Sono i tratti caratteristici della stagflazione: prezzi alle stelle e consumi azzerati. Per l’Europa si aggira lo spettro dell’inflazione che peraltro è quella «cattiva» generata da carenza di offerta – di energia, di materie prime – e da eccesso di liquidità a causa dei massicci e ininterrotti acquisti di titoli pubblici decisi dalla Banca centrale europea per sostenere le economie (soprattutto quelle super indebitate come la nostra) durante l’emergenza pandemica. Il «Whatever it takes» di draghiana memoria lanciato per far fronte alla crisi dell’euro (mai debole come adesso) e rieditato per battere il Covid presenta ora il conto.

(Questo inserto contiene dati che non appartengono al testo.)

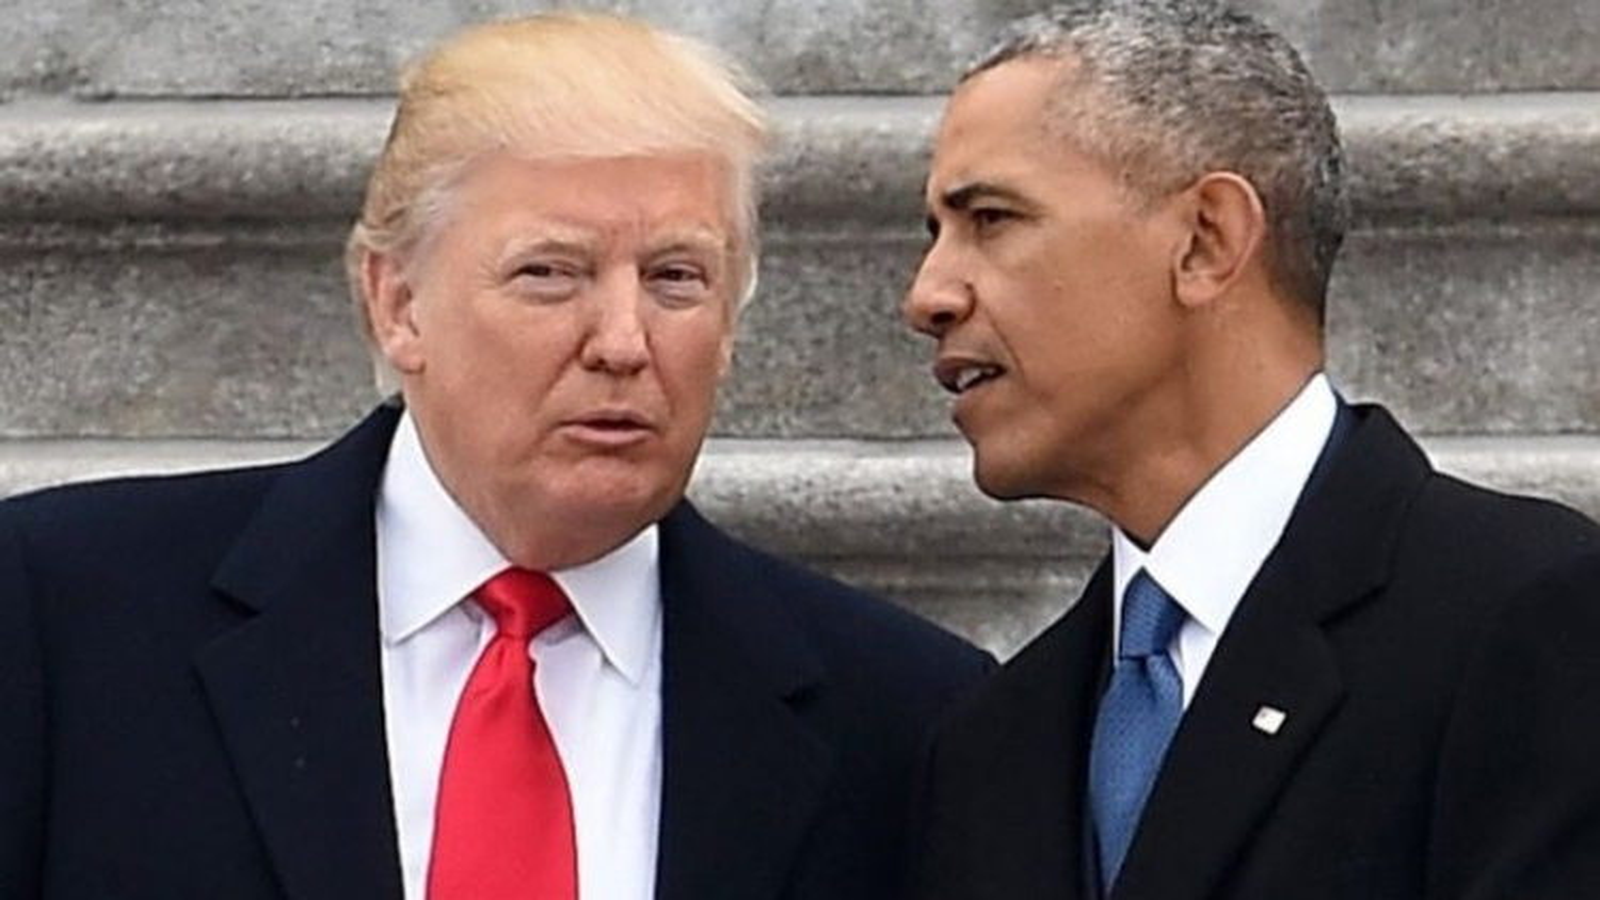 Cựu Tổng thống Obama chỉ trích chính quyền Trump về dịch Covid-19

Si è fatta troppa spesa corrente e poco investimento, confidando in una ripresa che è evaporata. Lo dicono le cifre. Il debito pubblico è passato dal 139 per cento del Pil del 2019 (2.400 miliardi) al 160 per cento di fine anno con, a febbraio, una punta di 2.740 miliardi e il rendimento del Btp stabilmente sopra il 2 per cento. È un sonoro campanello d’allarme.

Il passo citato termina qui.